You know, I would also point out that we bought back 12.6 million shares from Oaktree, two years ago today, it was March 9, 2021, and at that time, our stock price was roughly, I believe, and Claire can correct me, or Stu, I believe it was just under $8, $7.90, I believe it was. Yet, after retiring 12.6 million shares, here we are below that point. It, we've obviously evaluated delevering, which we've done quite well. We've evaluated stock buybacks, which we have an authorization of a $50 million buyback that's still active. Yet neither one of those things have actually positively influenced our stock price. Given our stock, our shareholders have not yet been rewarded, we felt the most appropriate thing to do right now was a dividend.

We have strong cash flow, it allows us, as Stu said, it's only roughly about $13 million a year. It allows us to continue to do everything we wanna do from a digital investment standpoint. It allows us now to reward our current shareholders and hopefully future shareholders when they evaluate what a strong cash flow, high yielding dividend and digital company is doing. It also allows us, as Stu said, to opportunistically continue to delever and buy bonds in the open market.

We're quite pleased the board approved this and we look forward to our current shareholders receiving this dividend on May first, and we look forward to hopefully other people who are not shareholders today, having them look at this yield as well as our strong cash flow generation, and then factor that into a growing, robust digital company that's highly differentiated in markets outside the top 50. We're quite excited about the dividend and, pleased to share that with our shareholders.

Jim Goss (Managing Director and Senior Equity Research Analyst)

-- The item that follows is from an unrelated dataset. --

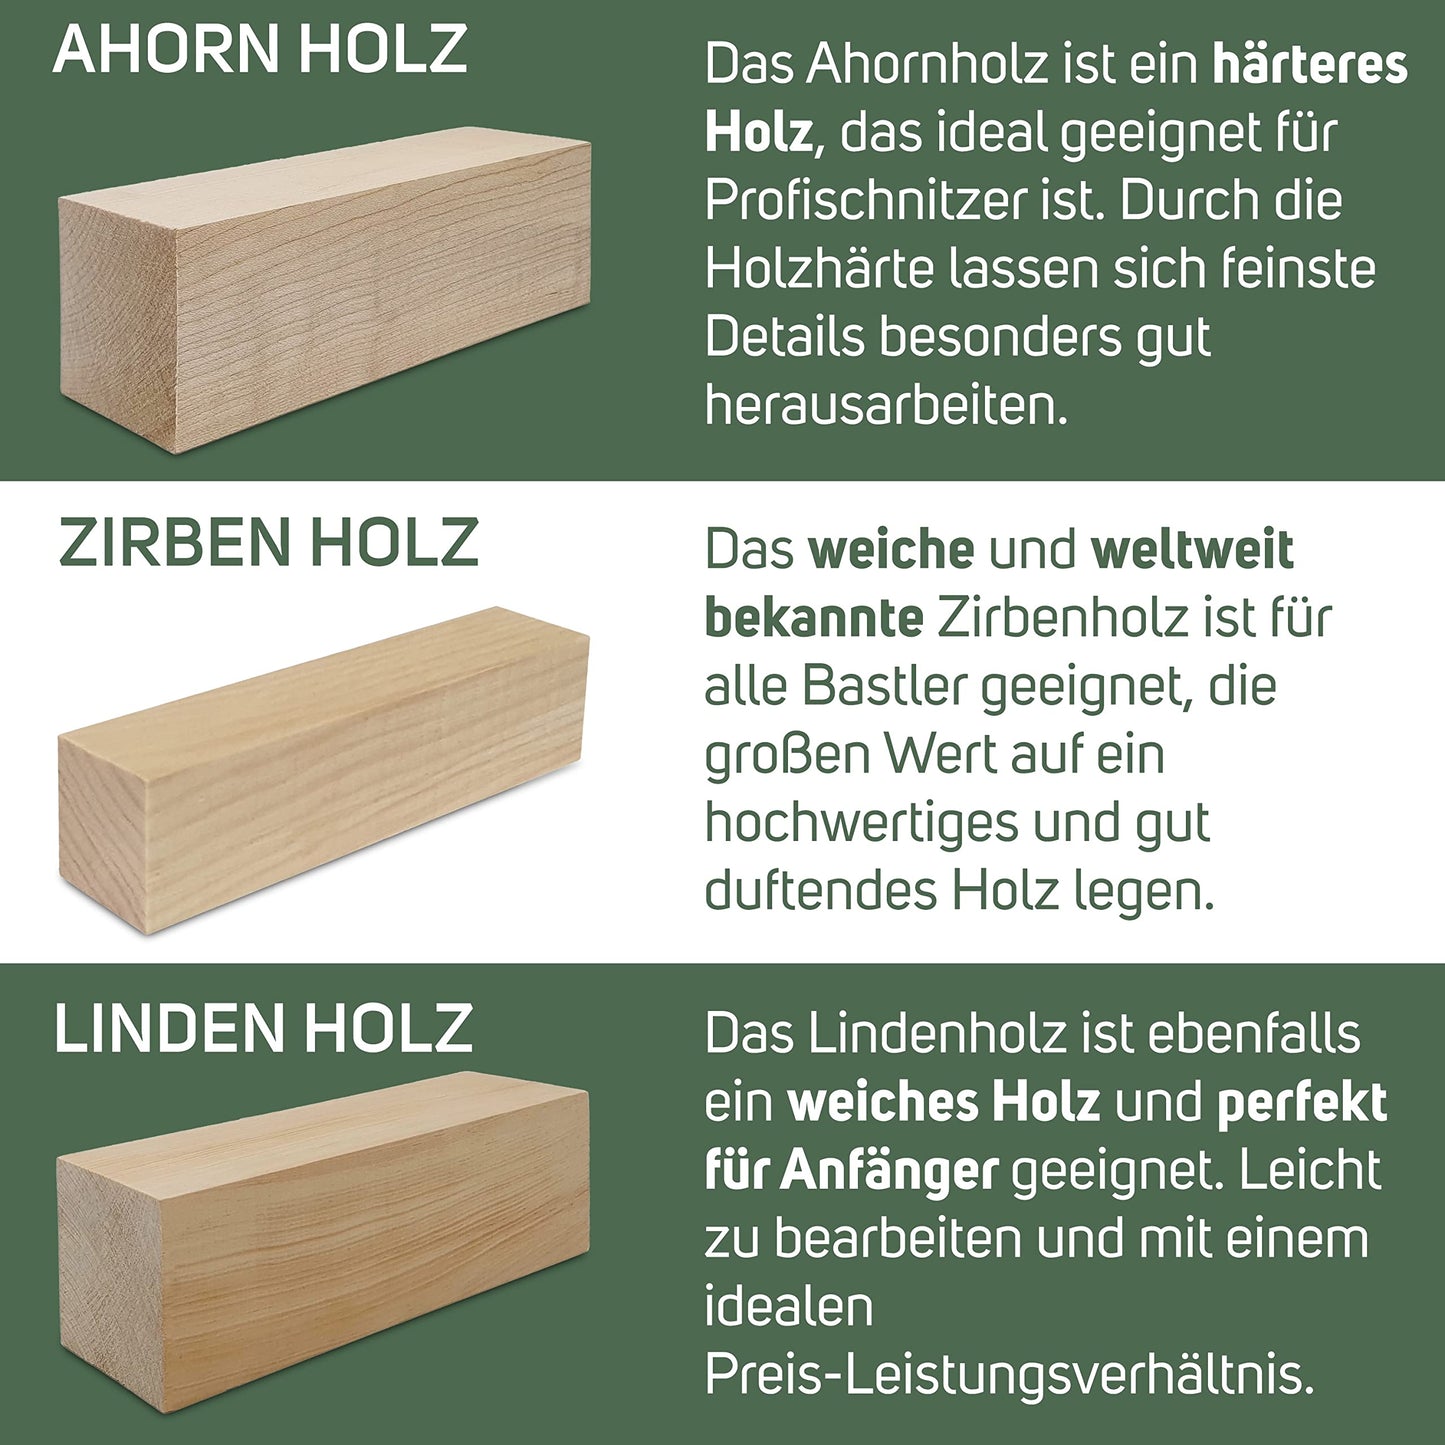 Zirbenholz Block zum drechseln und schnitzen Drechselholz Rohlinge Schnitzholz aus Zirbe - Drechselholz Rohlinge aus Zirbenholz zugeschnitten und gehobelt (30 x 13 x 7 cm)

All right. Thanks. Thanks for the complete answers.

Bill Wilson (CEO)

Thank you, Jim, as always. Appreciate you asking the questions.

Operator (participant)

We have reached the end of our question-and-answer session. I would like to turn the conference back over to Bill for closing comments.

Bill Wilson (CEO)

Thank you, operator. Thanks everybody for joining in today. We're quite pleased and proud to share the results of 2022. We feel that we are in a tremendously strong position to weather the current macroeconomic environment. I just wanna say thank you to the Townsquare team. I feel like the commitment, passion for not only driving the company forward in this transformation to a digital-first local media company, but their commitment to their communities and to our clients is second to none, and we are very, very proud of that. Hope everybody has a great day. Look forward to connecting with you. It should be a couple months from now to share our Q1 results and our Q2 pacing. Have a great day.

Operator (participant)

Thank you. This will conclude today's conference. You may disconnect your lines at this time, and thank you for your participation.